Crosse & Blackwell was a family firm with an attentive involvement in the Staffordshire community when Branston came into being. The year before Mrs and the Misses Graham conjured their recipe, C & B bought Branston farmhouse and turned it into a hostel for single women employed at their factory on Burton Road. Later in the 1920s, pickle production shifted south to Bermondsey in London, where it remained for four decades.

Recently, a developer turned the former factory into luxury flats – sadly not called Branston Towers.

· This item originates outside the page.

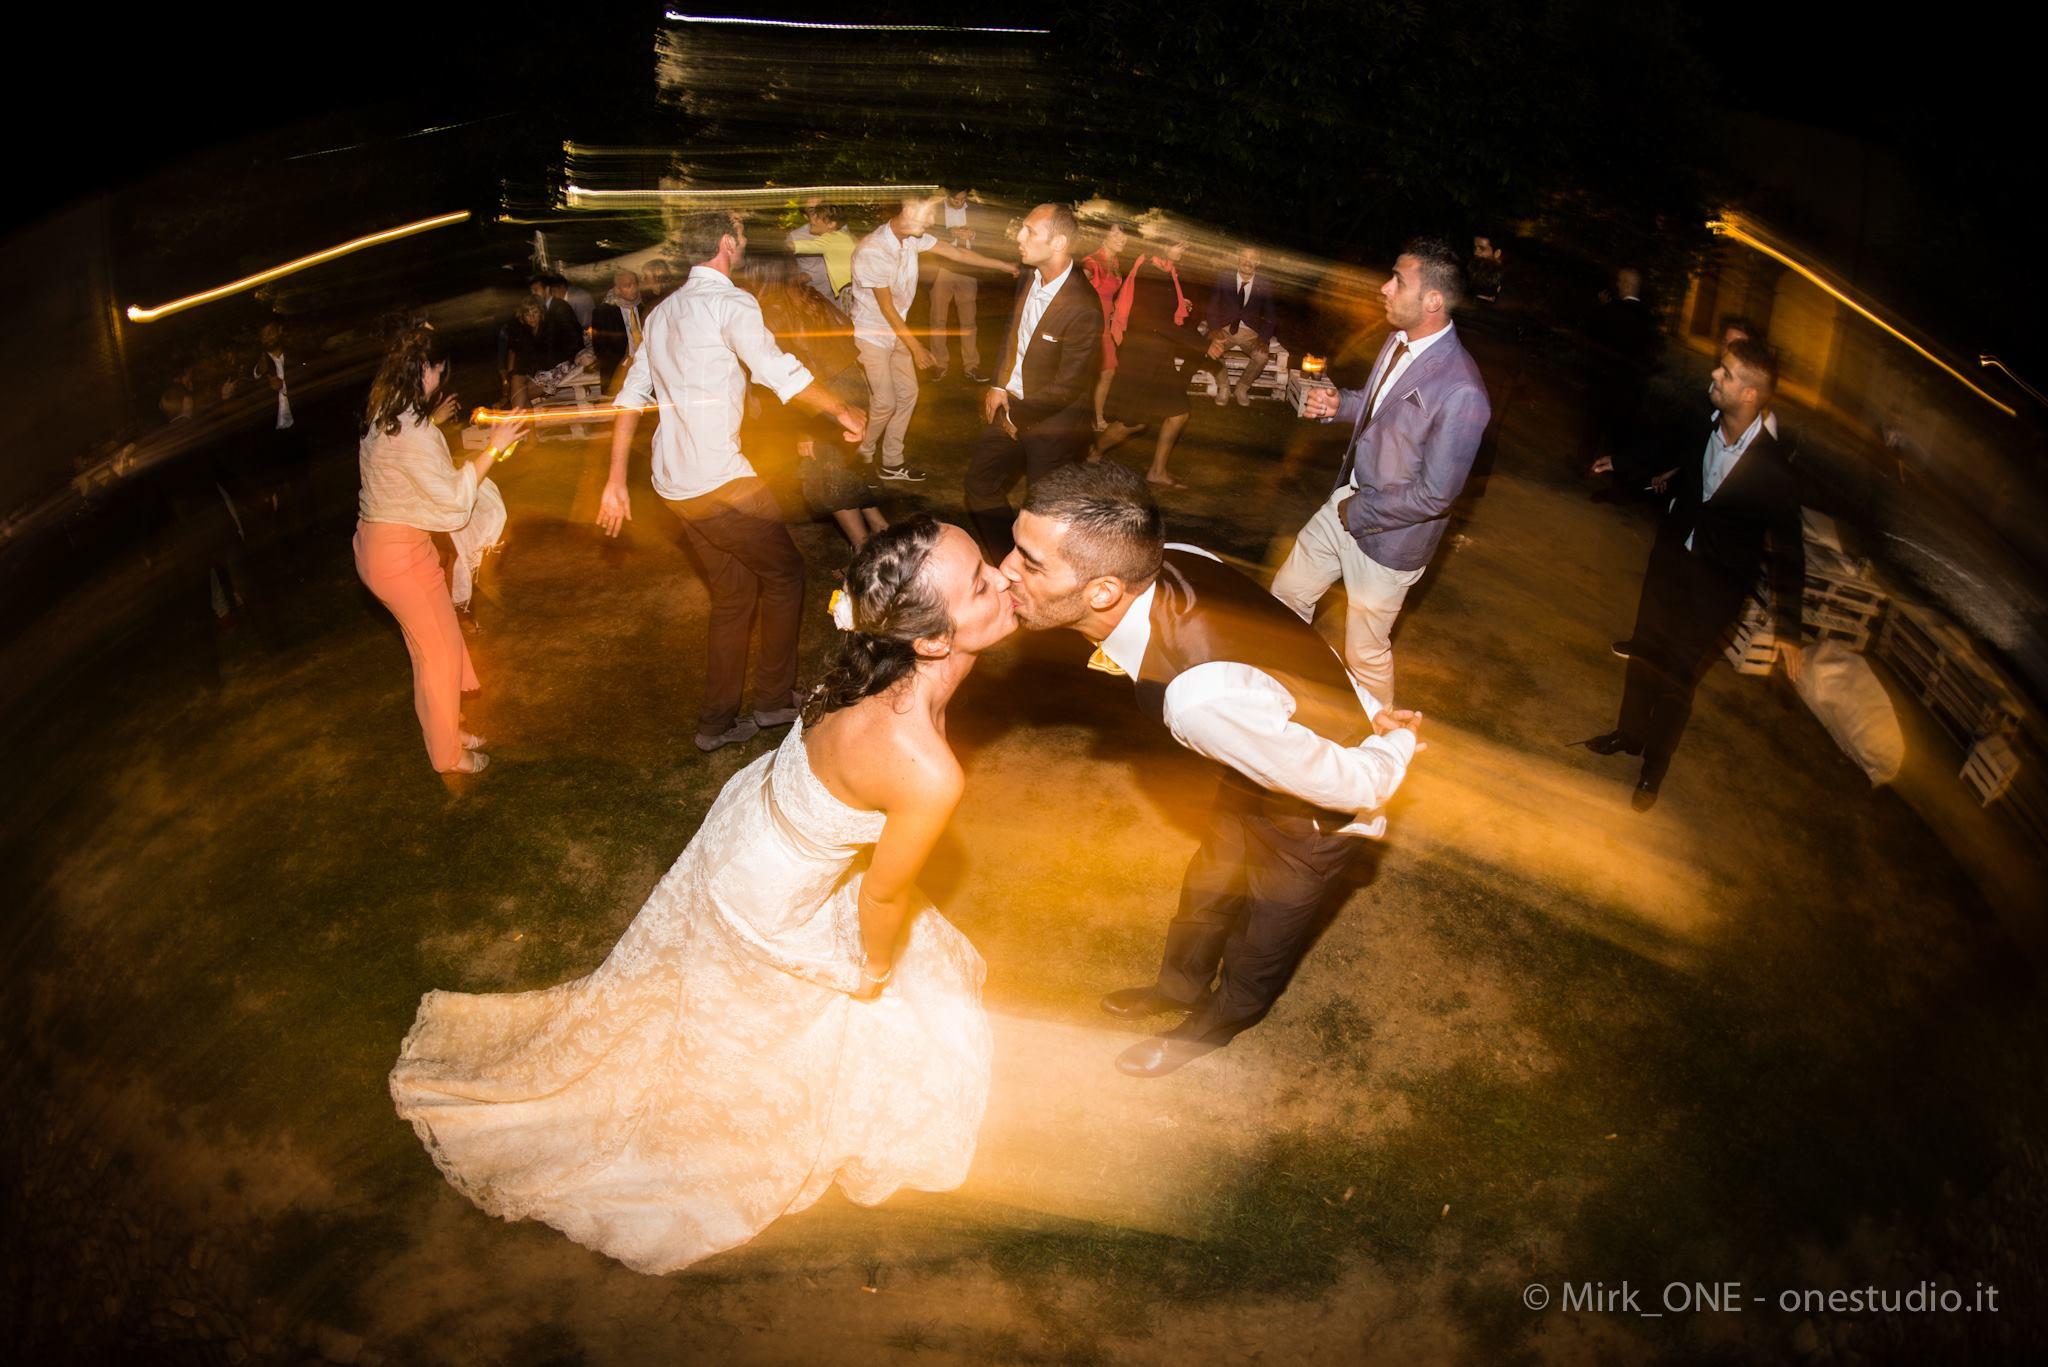 https://lnx.mirkone.it/wp-content/uploads/2018/03/mirk_ONE-fotografo-matrimonio-00890.jpg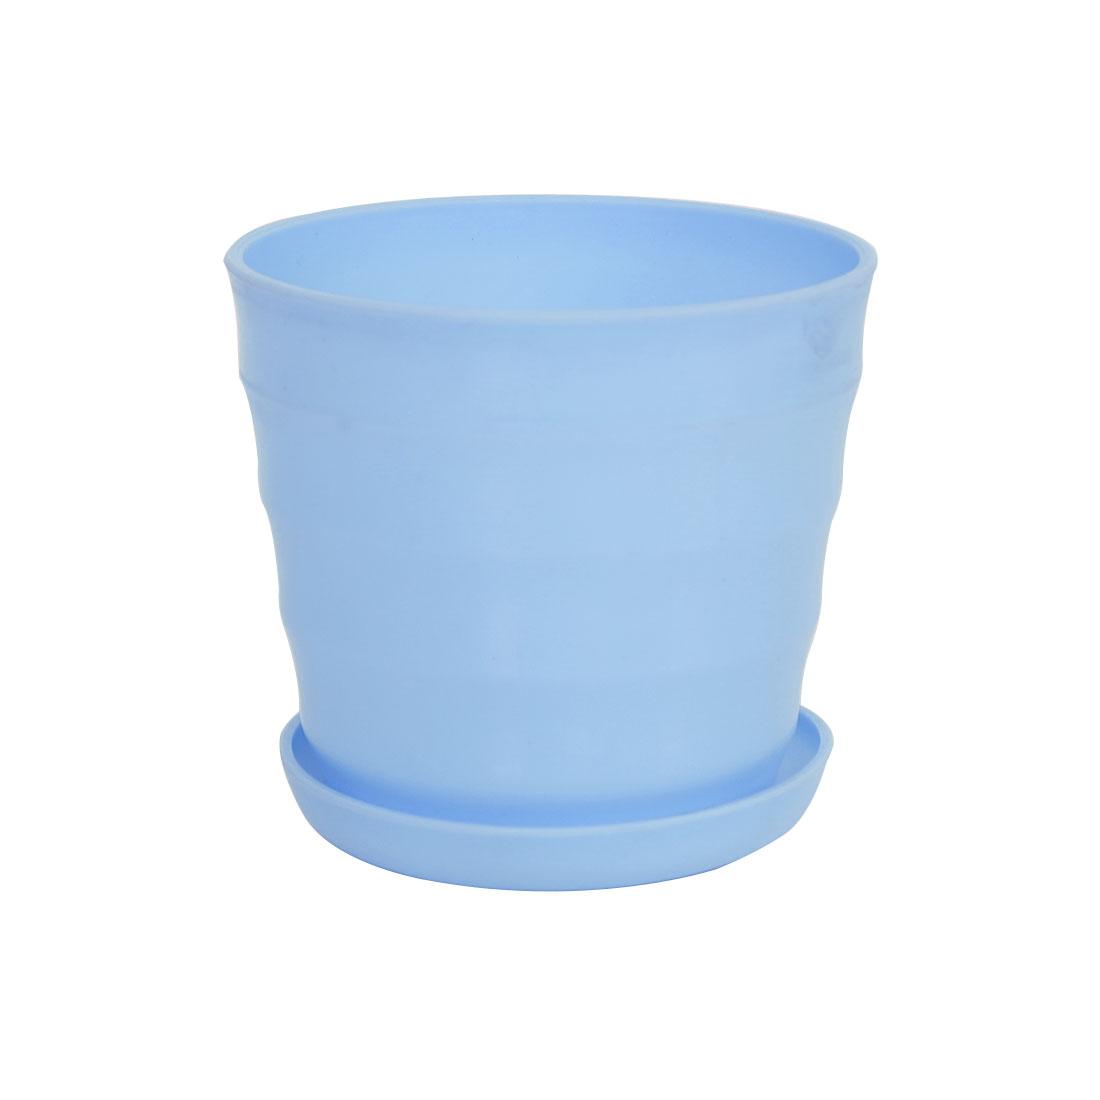 11cm Dia Sky Blue Plastic Stripe Pattern Garden Flower Pot Home Office Decor

The village-named pickle changed ownership many times in its first 100 years. The current proprietors, the Japanese Mizkan Group, acquired Branston from Premier Foods in 2013 for £92.5 million. The Crosse & Blackwell name went separately to the Princes Group food business. Remarkably, though, the Branston brand has remained intact throughout. America and Australia are the pickle’s largest overseas market. I recently saw jars in a Walmart Supercenter in Fairbanks, Alaska – not a state normally associated with Burton-on-Trent. High-fructose corn syrup is used in American exports, but Britain battles on with good old refined sugar. Turks are keen consumers of the product, as are the citizens of Singapore.

The supply chain has its limits, however – even in Europe. A website called Expats in Portugal recently dedicated a whole thread to ‘Substitutes for Branston’ when it looked as if supplies were low. One contributor suggested his own pickle recipe, saying that a desperate friend, suffering withdrawal symptoms, had asked him, after lunch, ‘where I got my Branston’.

Only 43 per cent of the 20 million units produced annually are of the Original type. Small Chunk represents a whopping 52 per cent of Branston sales. I remain deeply suspicious of Smooth, the third strand, which accounts for four per cent of units. I spotted a 370g jar of Smooth in a boyfriend’s kitchen cupboard. That was the end of him.

The pickle company has sought to distance itself from its near-namesake Richard Branson. The youth of today associate Beardy with Branston on social media.

‘For years now,’ went a Twitter post from Mizkan, the Branston owners, ‘every time a certain ginger billionaire does something bonkers, we, an innocent pickle, bear the brunt of abuse online.’

Last year, a public-service announcement, deploying the hashtag #branstonnotbranson, ran, ‘We don’t want to go to space. We want to stay here on Earth. Where the sandwiches are.’

The cheese-to-pickle ratio crops up frequently among Branston fans. John Wheeler, 90, complained that cheeseand-pickle sandwiches regularly contain too little condiment. My own preference remains the snapped-off lump of Cheddar dipped directly in the jar.

When it comes to the case of the ploughman’s lunch, Branston fans have been distracted by the case of a Devon pub, The Tors, which got into a woke pickle in March by advertising a dish it dubbed a ‘ploughperson’s lunch’.

The fabled ‘Bring out the Branston’ slogan first appeared on British television 50 years ago, in 1972. Every boomer knows it. ‘When I’m speaking with consumers and mention Branston,’ the Mizkan marketing director, Vanni Cataldi, told The Oldie, ‘they all immediately sing spontaneously the song.’

Not singing, actually, but chanting – still, Cataldi got the gist.

In 1999, Britons voted the relish one of the top-50 brands of the twentieth century.

Happy 100th birthday, Branston! Long may your cubed legumes macerate!